1975 All-Ireland Under-21 Hurling Championship Final
- Event: 1975 All-Ireland Under-21 Hurling Championship
| Kilkenny | Cork |
| 5-13 | 2-19 |
- Date: 12 October 1975
- Venue: Fraher Field, Dungarvan
- Referee: Seán O'Meara (Tipperary)

= 1975 All-Ireland Under-21 Hurling Championship final =

The 1975 All-Ireland Under-21 Hurling Championship final was a hurling match that was played at Fraher Field, Dungarvan on 12 October 1975 to determine the winners of the 1975 All-Ireland Under-21 Hurling Championship, the 12th season of the All-Ireland Under-21 Hurling Championship, a tournament organised by the Gaelic Athletic Association for the champion teams of the four provinces of Ireland. The final was contested by Cork of Munster and Kilkenny of Leinster, with Kilkenny winning by 5-13 to 2-19.

The All-Ireland final between Cork and Kilkenny was their second championship meeting. Cork, appearing in their 7th final, were hoping to win their 7th title in 10 years. Kilkenny, the reigning champions, were appearing in their third final.

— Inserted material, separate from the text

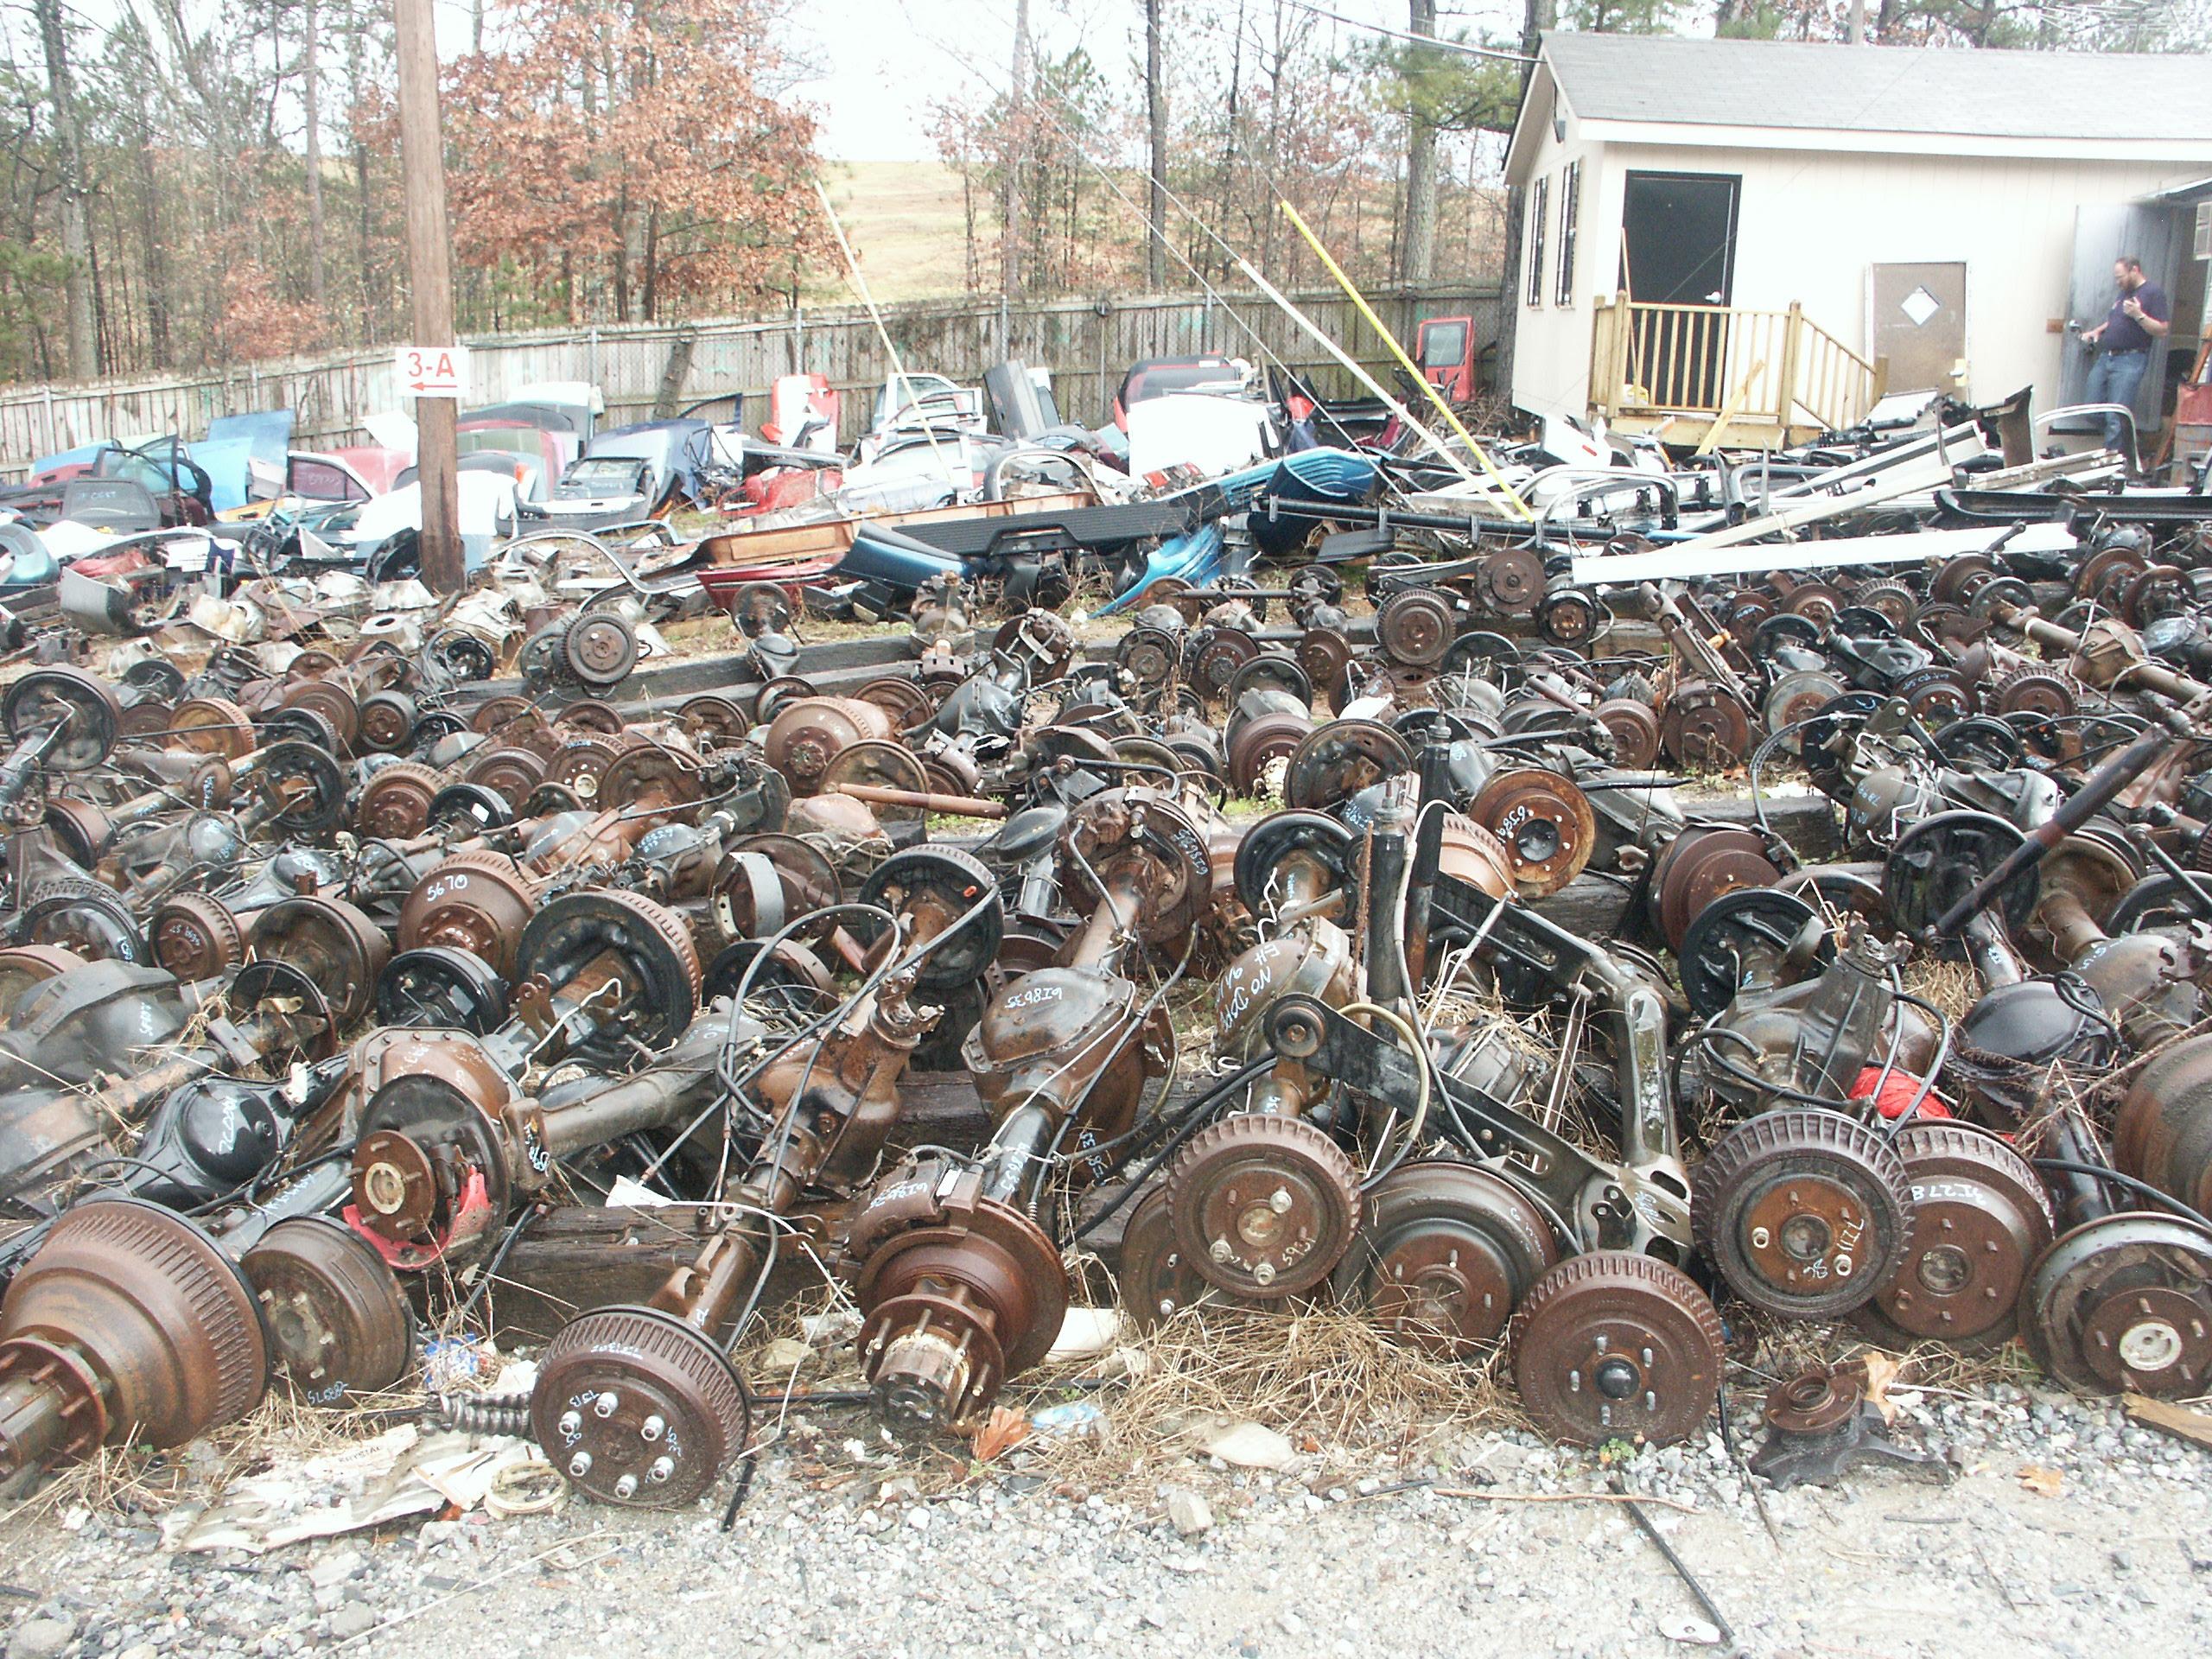 Mop Auto Parts Junkyard Pick A Junkyard Online Directory | Used Car ...
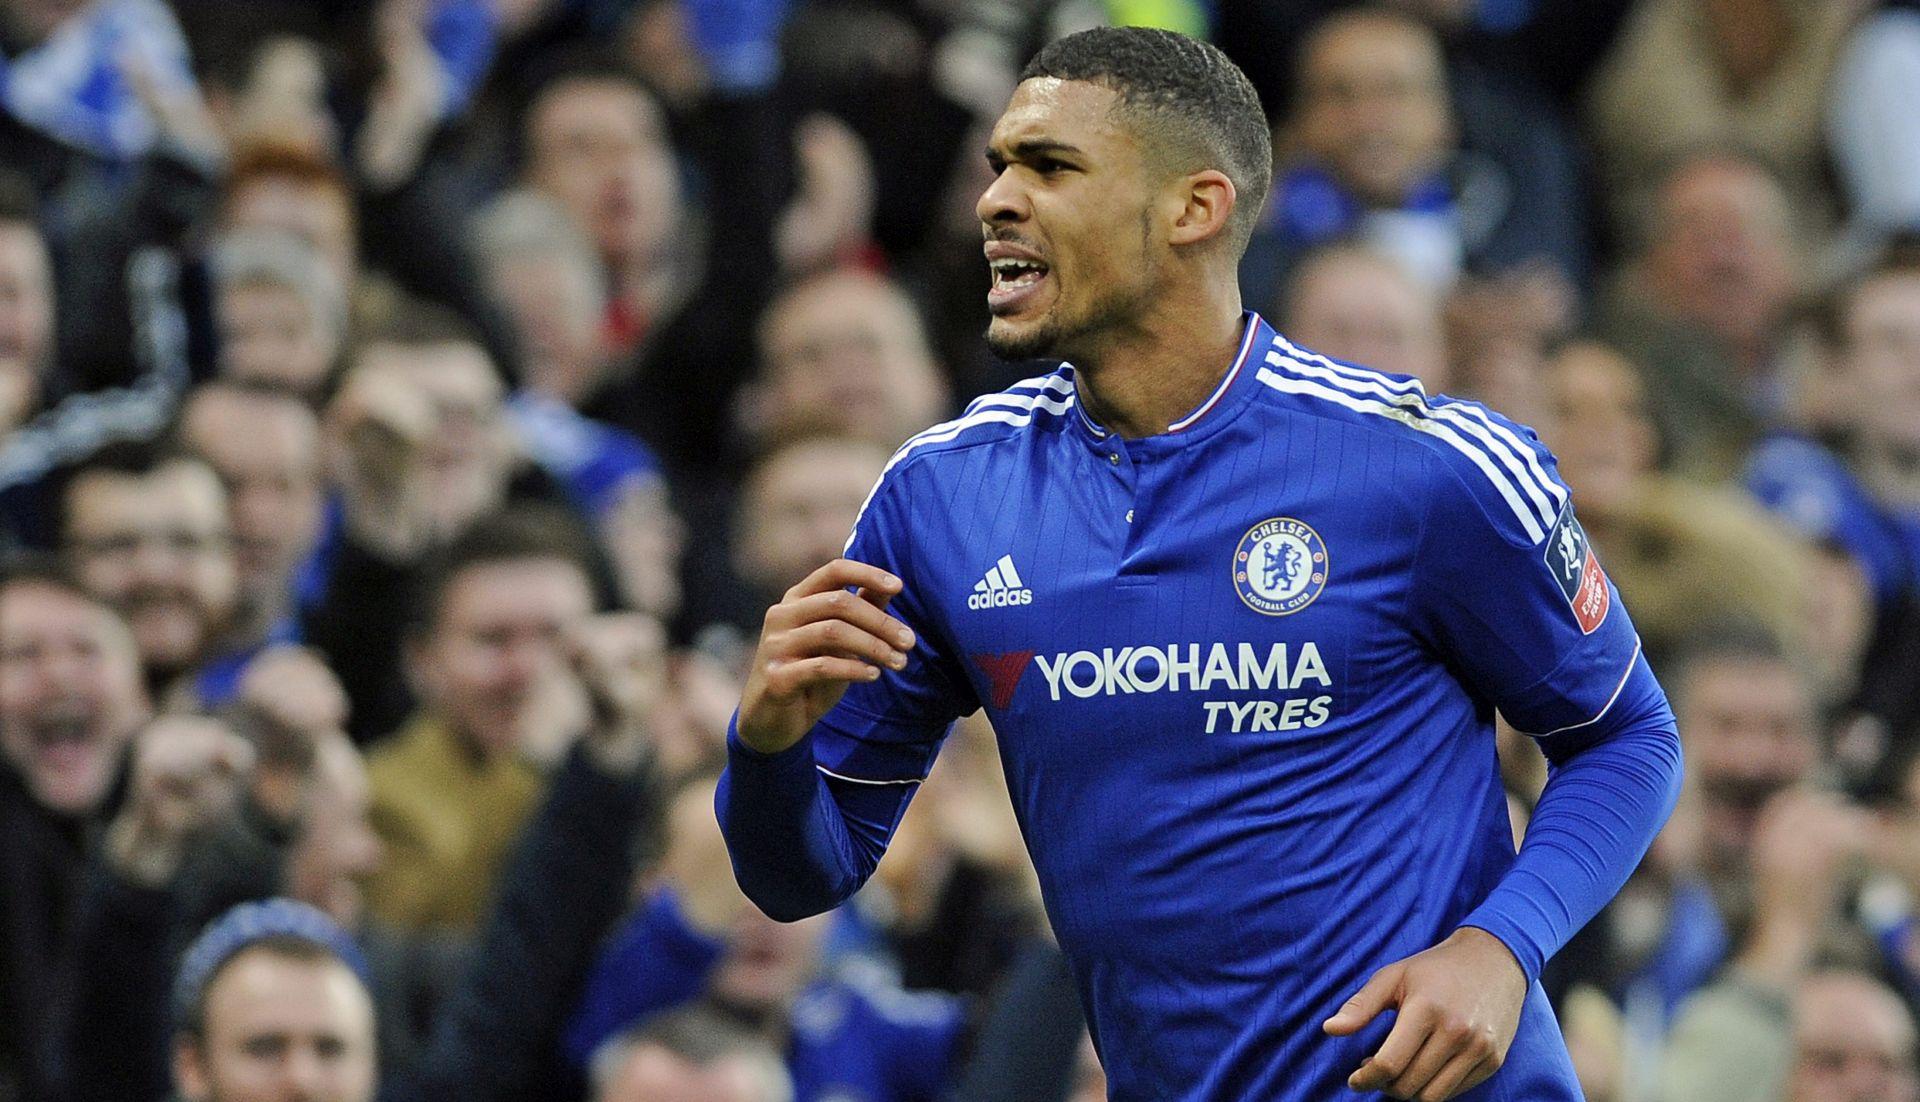 FA KUP Chelsea slavio, Tottenham i Leicester remizirali, Oxford izbacio Swansea

Kilkenny's All-Ireland victory was their second in-a-row. The victory installed them as joint second on the all-time roll of honour.

==Match==

===Details===
12 October 1975
Kilkenny 5-13 - 2-19 Cork
  Kilkenny: T Brennan 2-0, J Lyng 0-5, R Sweeney 1-1, B Cody 1-1, M Tierney 1-1, G Fennelly 0-3, B Fitzpatrick 0-2.
  Cork: J Fenton 0-9, B Murphy 0-7, S Farrelkl 1-2, T O'Sullivan 1-0, F Delaney 0-1.